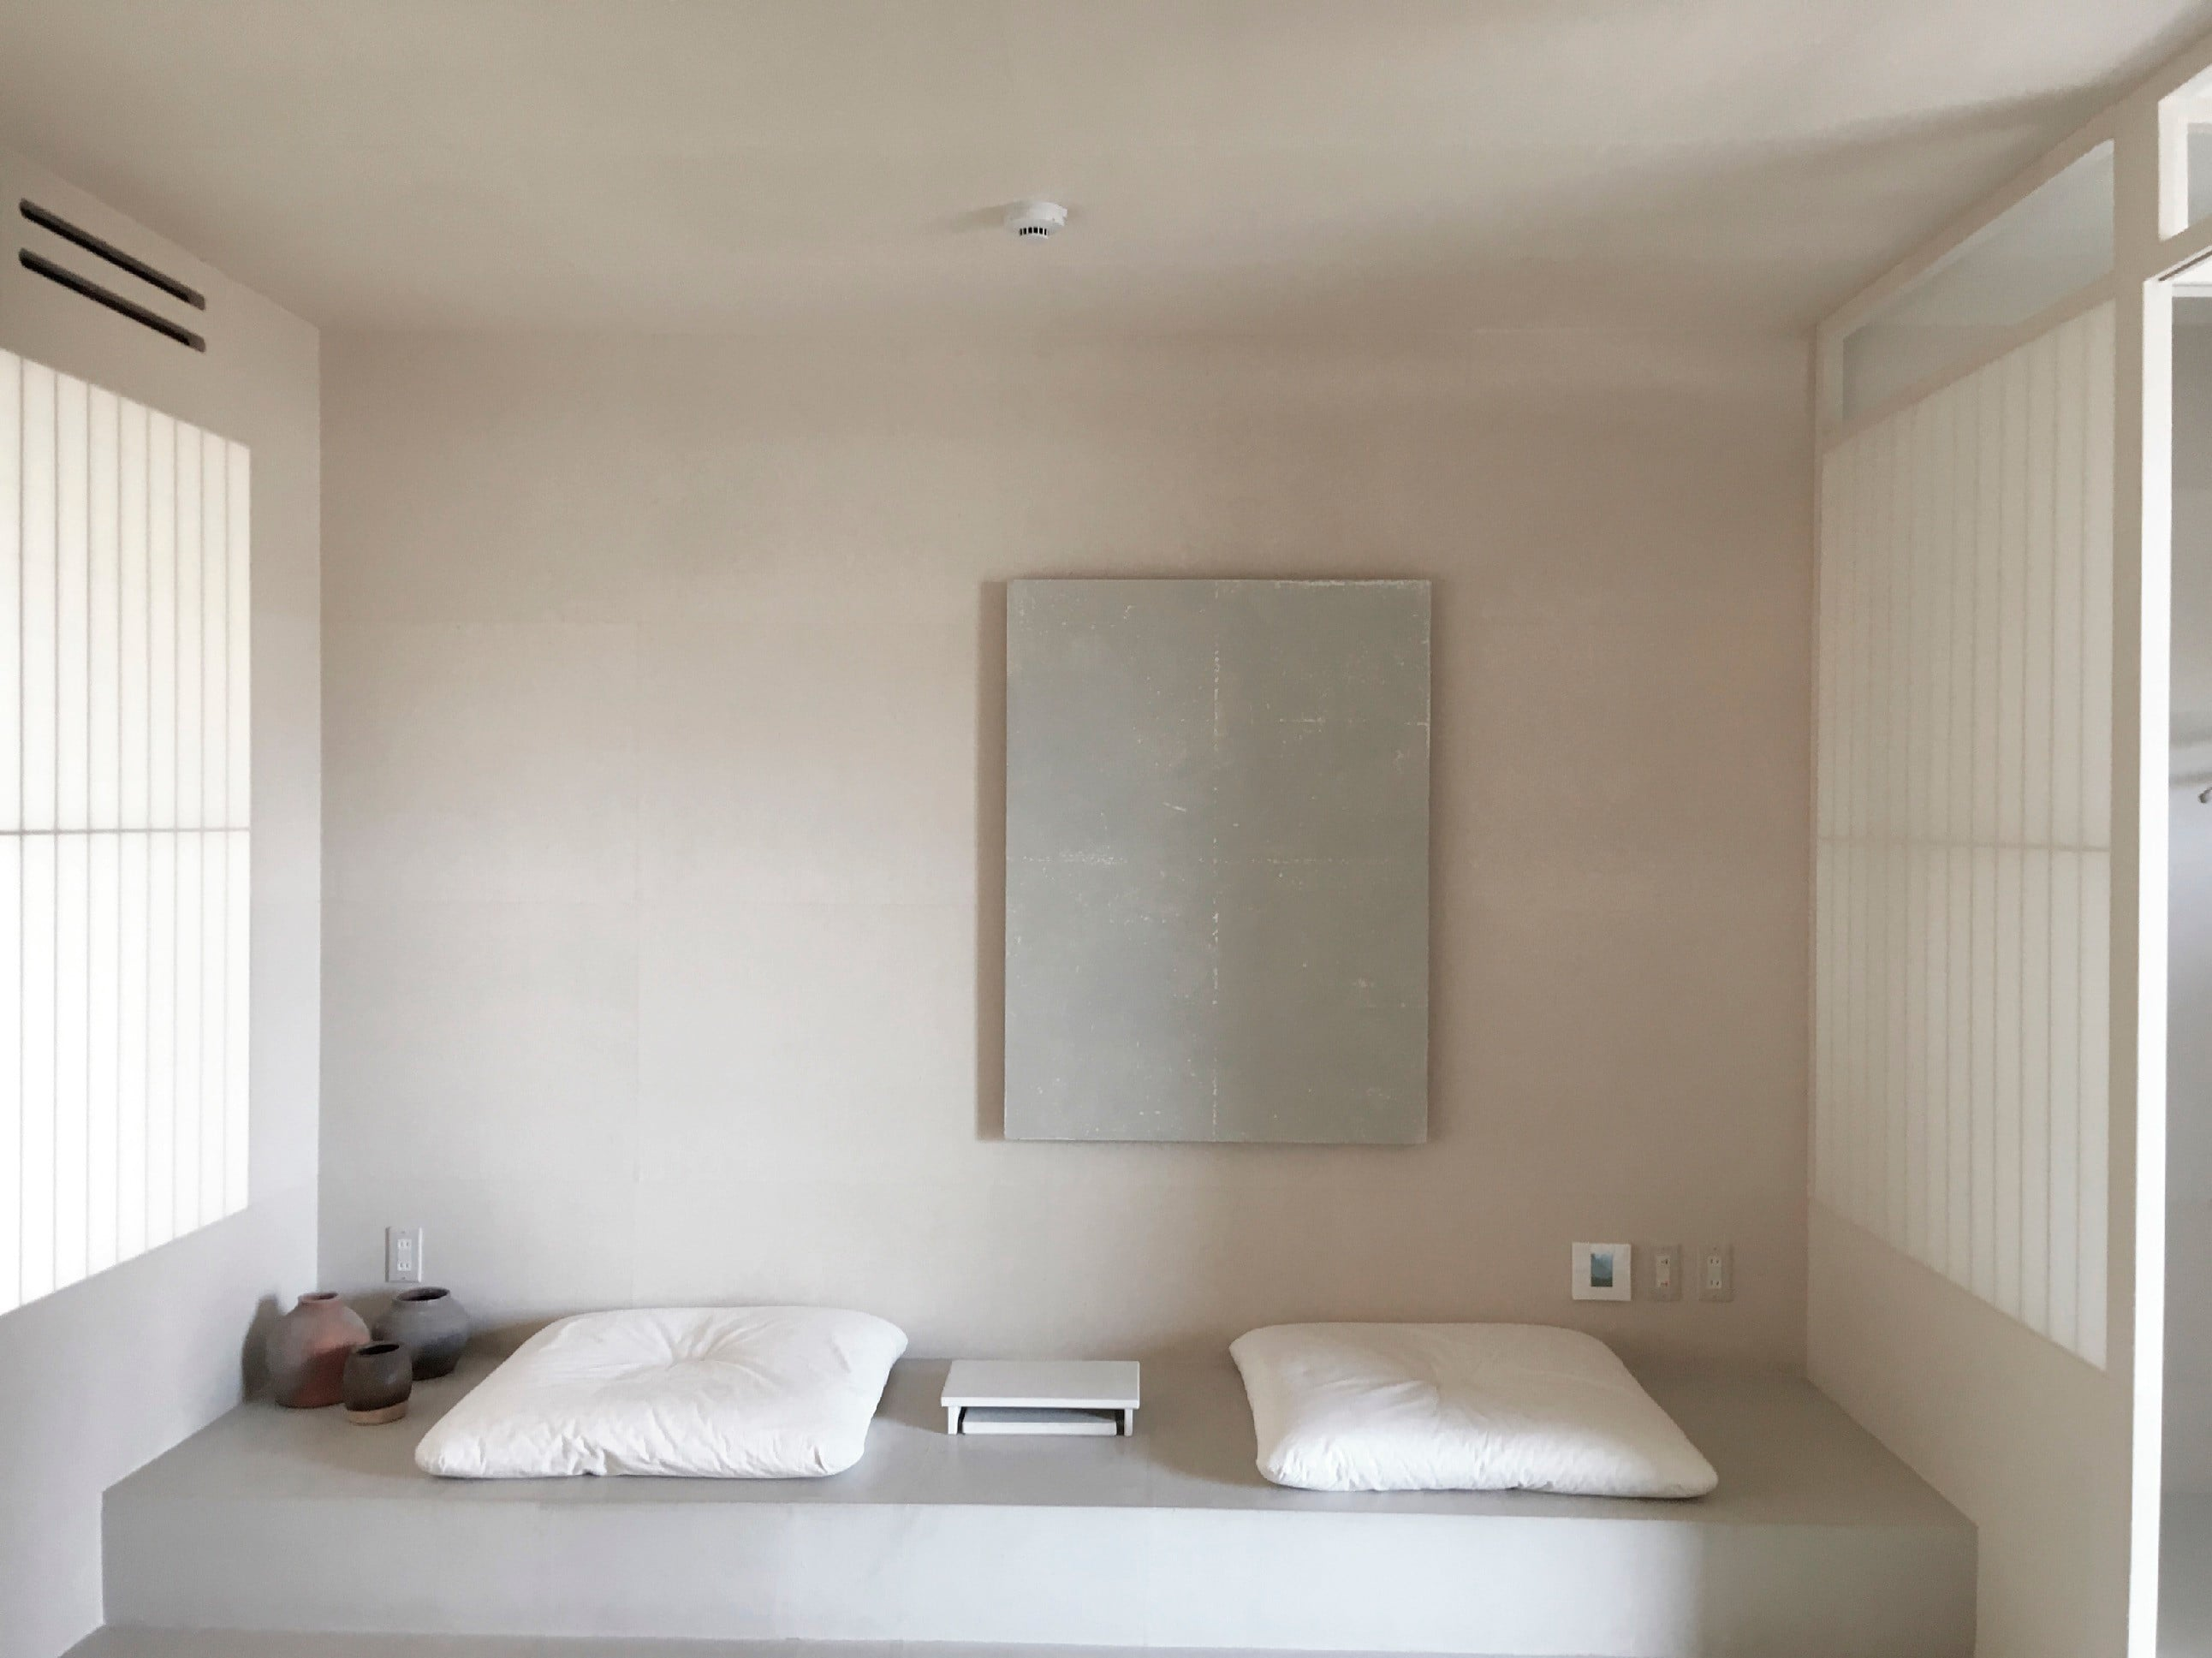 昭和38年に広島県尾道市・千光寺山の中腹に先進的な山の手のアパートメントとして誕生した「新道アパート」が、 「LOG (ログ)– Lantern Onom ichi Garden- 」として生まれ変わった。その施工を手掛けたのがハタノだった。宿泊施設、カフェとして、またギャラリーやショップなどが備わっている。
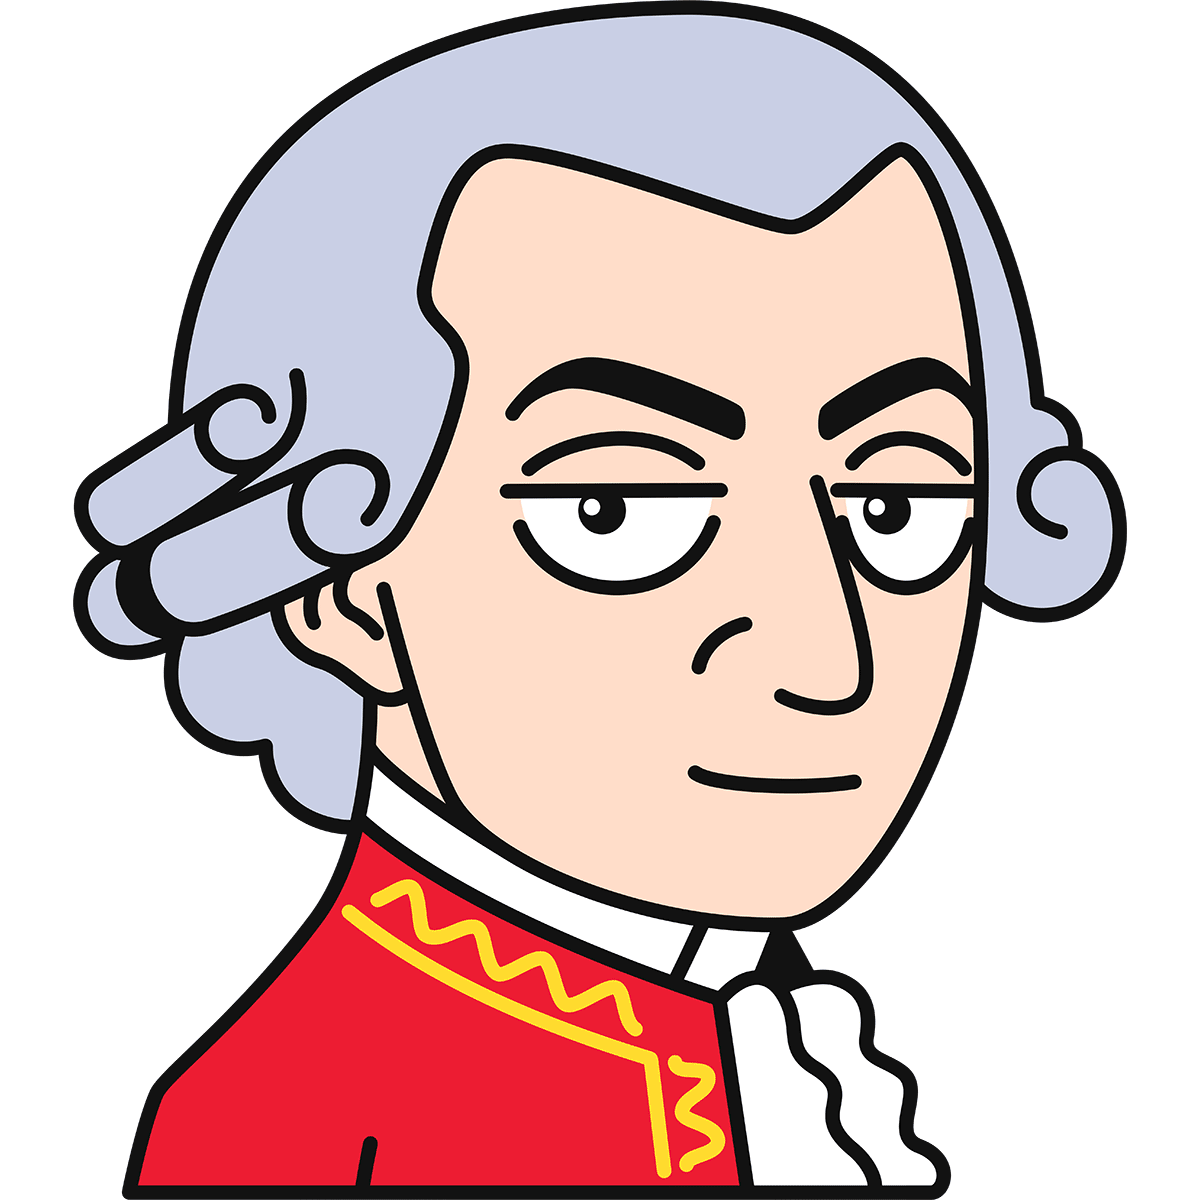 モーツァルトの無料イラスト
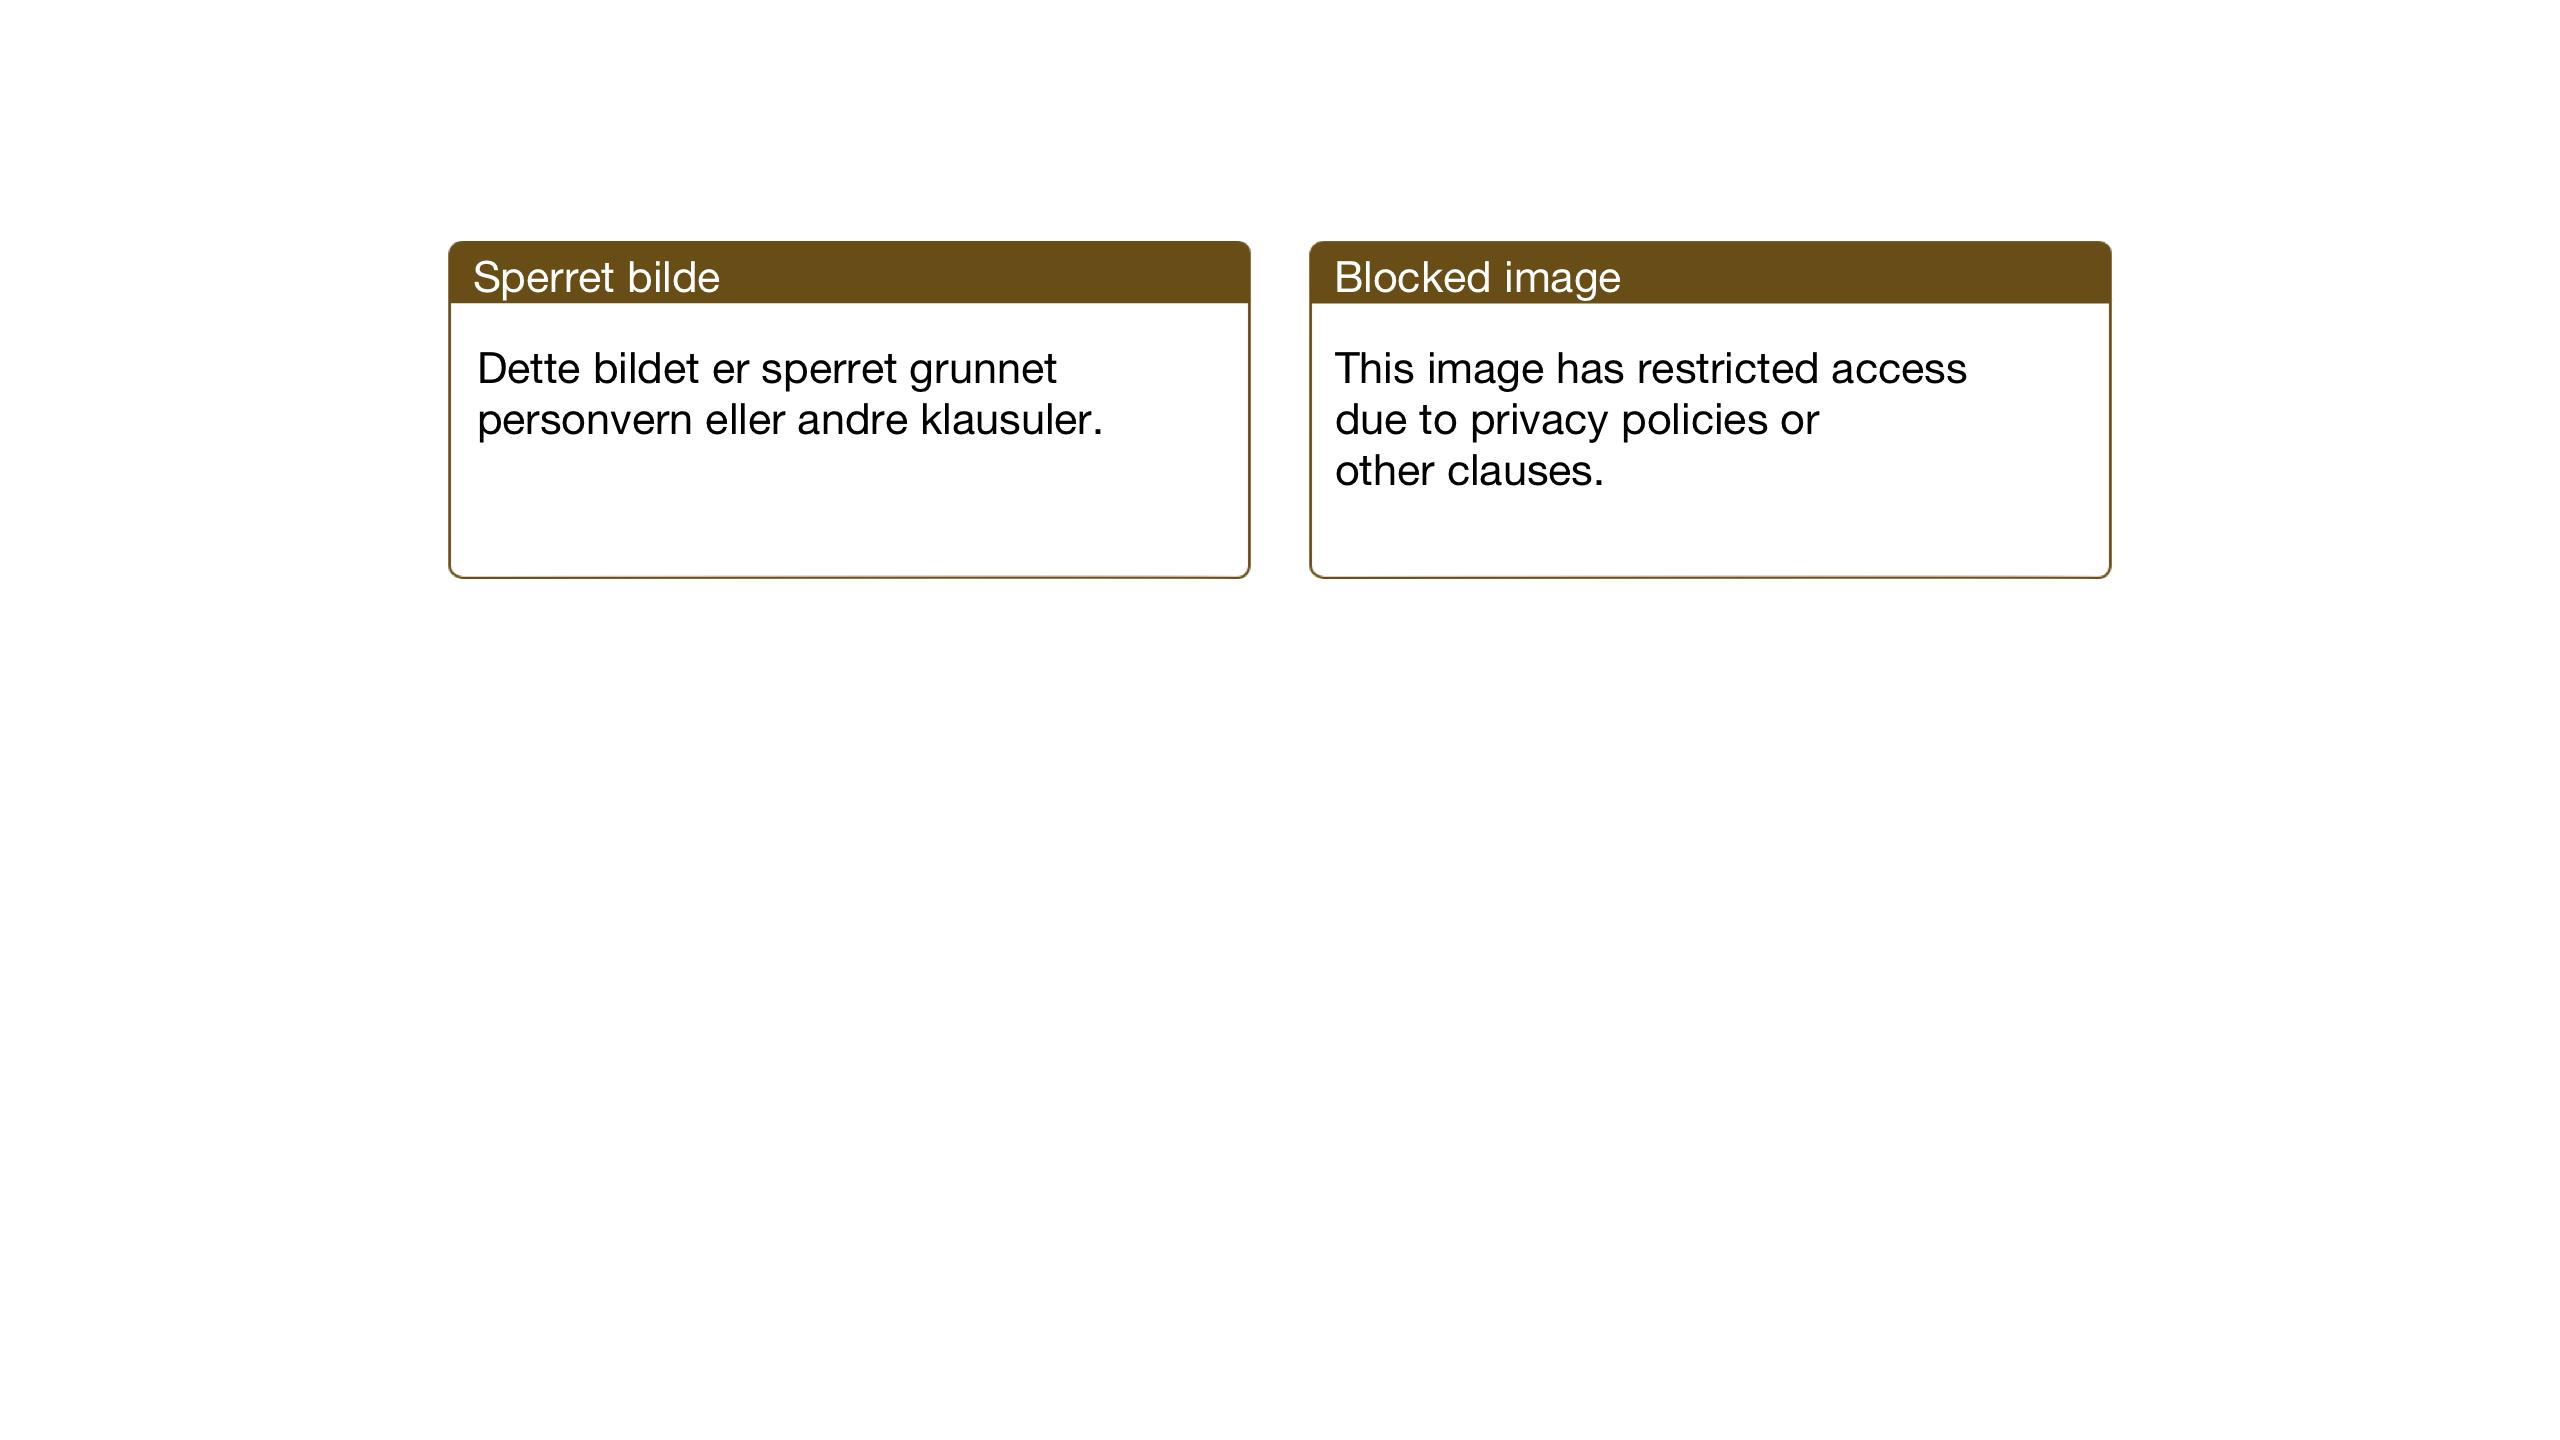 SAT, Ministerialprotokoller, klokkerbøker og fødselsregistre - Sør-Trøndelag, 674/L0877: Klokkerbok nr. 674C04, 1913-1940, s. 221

(Your goal): Exact copy, pictures removed: set down the whole listing above.

(Response to this task):
 昭和38年に広島県尾道市・千光寺山の中腹に先進的な山の手のアパートメントとして誕生した「新道アパート」が、 「LOG (ログ)– Lantern Onom ichi Garden- 」として生まれ変わった。その施工を手掛けたのがハタノだった。宿泊施設、カフェとして、またギャラリーやショップなどが備わっている。
 モーツァルトの無料イラスト
 SAT, Ministerialprotokoller, klokkerbøker og fødselsregistre - Sør-Trøndelag, 674/L0877: Klokkerbok nr. 674C04, 1913-1940, s. 221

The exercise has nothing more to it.